The fifth installment in this series is a demonstration of the law of diminishing returns.
According to the series’ writers, the Pirates of the Caribbean movies take place during a heavily fictionalized version of the mid-1700s. Now, if all those old Econ 101 books are correct, that’s roughly the same time period in which real world number crunchers such as Johann Heinrich von Thünen and Thomas Robert Malthus were developing the concept of diminishing returns. If Pirates of the Caribbean: Dead Men Tell No Tales is any indication, that’s not a coincidence.
Even diehard fans of the series will admit that each consecutive Pirates movie has failed to measure up to the one which preceded it.

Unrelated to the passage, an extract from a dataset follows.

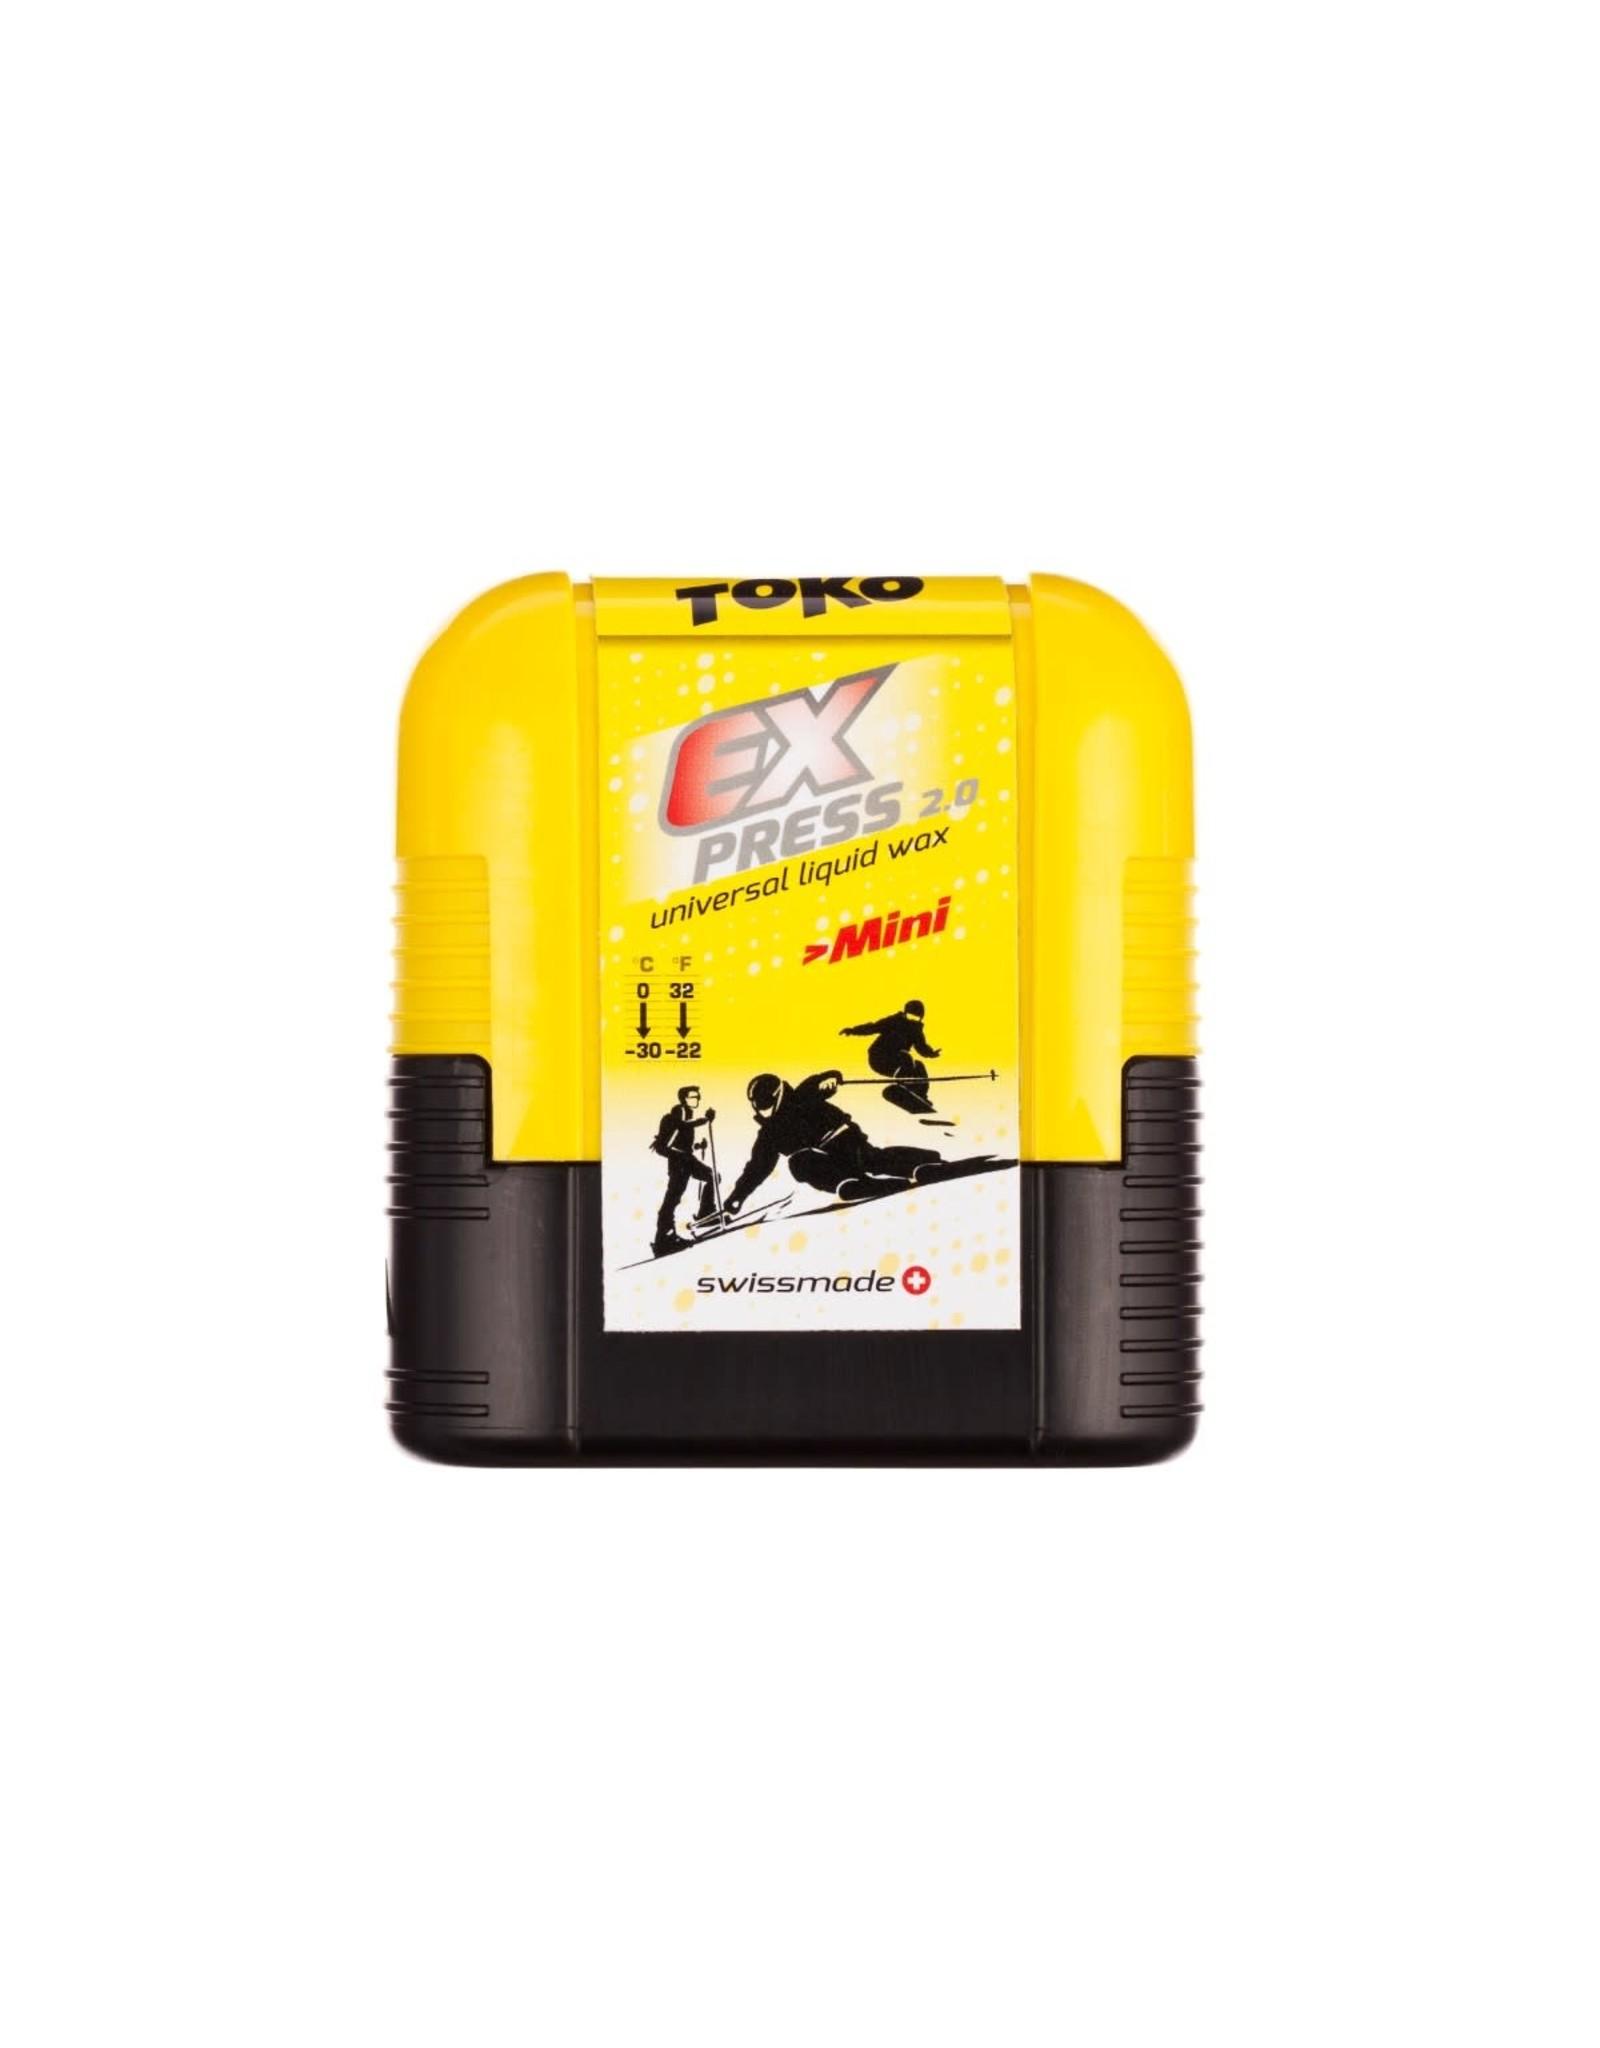 Toko Toko Express 2.0 Mini Liquid

Dead Men Tell No Tales does nothing to break that cycle. The storyline isn’t as involving. The characters aren’t nearly as interesting. Even the action isn’t as exciting. About the only thing Dead Men Tell No Tales does better than the first four installments is tie up all of the dangling plot threads left over from the previous films.

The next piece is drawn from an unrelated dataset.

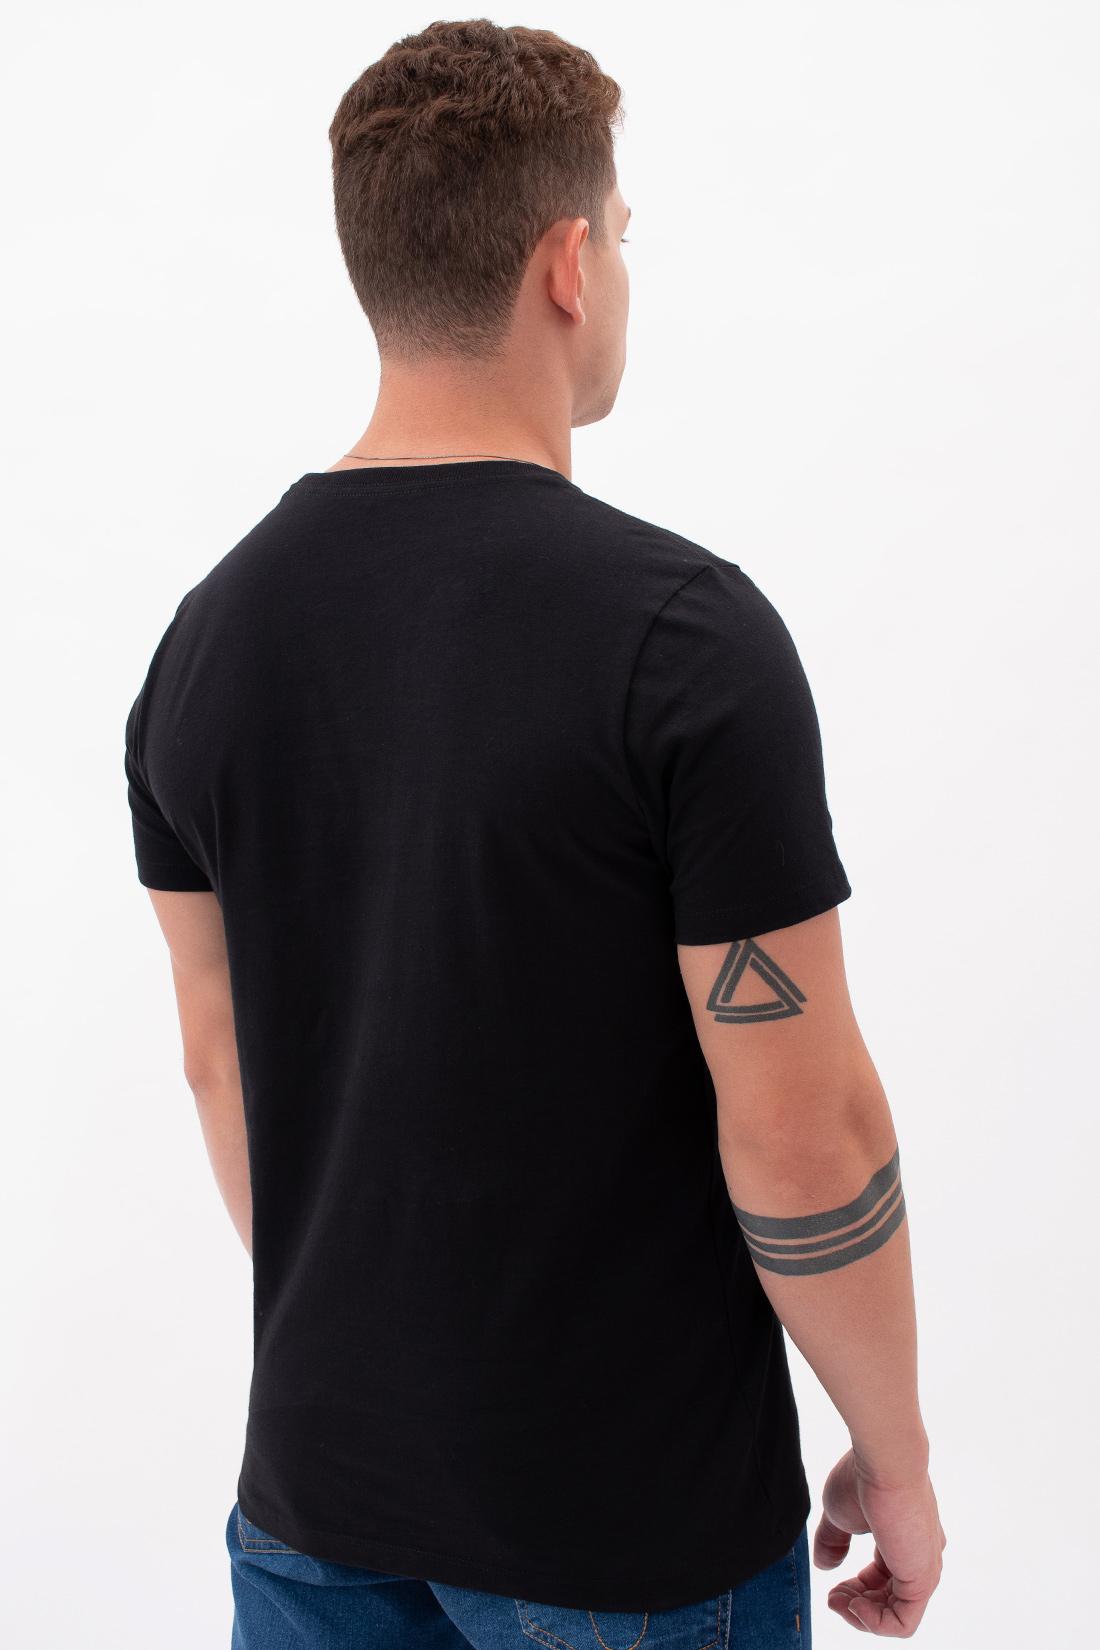 Camiseta Mc Colcci Balance Kind Ness

Were you wanting to know if Captain Jack Sparrow (Johnny Depp) managed to get The Black Pearl out of that bottle Blackbeard imprisoned it in, undead monkey and all? Now you can find out. Were you curious about what Captain Hector Barbossa (Geoffrey Rush ) was going to do with Blackbeard’s sword and ship? Look no further. And what about Will Turner (Orlando Bloom ) and Elizabeth Swann (Keira Knightley), were you wondering whatever happened to them?
The answer to that last question turns out to be the driving force behind the narrative this time around. It seems that Will and Elizabeth conceived a son on their lone night together all those years ago. Now grown to be a strapping young teenager, Henry Turner (Brenton Thwaites) is determined to break the curse that enslaves his father to eternal service aboard the Flying Dutchman. To accomplish that, he needs the legendary trident of Poseidon. And to locate the trident, he needs Jack Sparrow.
Or so Henry believes. You see, things haven’t really gone poor Jack’s way since we last saw him, so he’s not really in much of a condition to help anyone. He’s completely broke, has no ship, and is utterly disrespected by what’s left of his old crew. Worse than all that, he is being hunted by the vengeful ghost of Captain Salazar (Javier Bardem), an old adversary whose spirit clings to this world solely to bring misery and death upon Jack Sparrow. Despite all that, Henry still decides to enlist Jack’s aid in his quest. Along the way, they cross paths with Barbosa and Carina Smyth (Kaya Scodelario), both of whom are seeking the trident for their own reasons.
Henry and Carina are obviously intended to fill the rolls of the young lovers previously occupied by Will and Elizabeth. For his part, Henry is honorable and hunky, which is about all the script asks of his character. Carina, on the other hand, is a bit more problematic. The original movie found some clever ways to show Elizabeth dealing with the restrictions society often placed on women in the 18th century (sometimes literally in the case of corsets). Dead Men Tell No Tales takes a somewhat lazier approach, halting way too many times so Carina can lecture everyone that just because she’s a woman doesn’t mean she can’t do everything a man can.
The movie also overplays the trope of having everyone Carina meets, especially those with religious leanings, declare the girl to be a witch simply because she has a basic understanding of science. In case you miss the point, she even carries a notebook once owned by poor persecuted Galileo. In case you really miss the point, the movie halts a couple of times so that Carina can lecture everyone on how she only believes in things that can be proven scientifically. Fortunately, this all ends up being a setup for a joke as Carina’s vaunted scientism quickly crumbles in the face of the supernatural Salazar and his ghost sharks. Like another famous doubter, Carina eventually comes to believe because she has seen.
Even with all these criticisms, Dead Men Tell No Tales isn’t really a terrible movie. It’s more like the later seasons of a favorite TV series that’s passed its prime. It’s fine if you just want to hang out with familiar characters for a while, but nothing you’ll rush to discuss at the water cooler the following morning. It is the law of diminishing returns in action, which if I remember the Pirate code correctly, means that it is time to close up shop and move on to other ventures.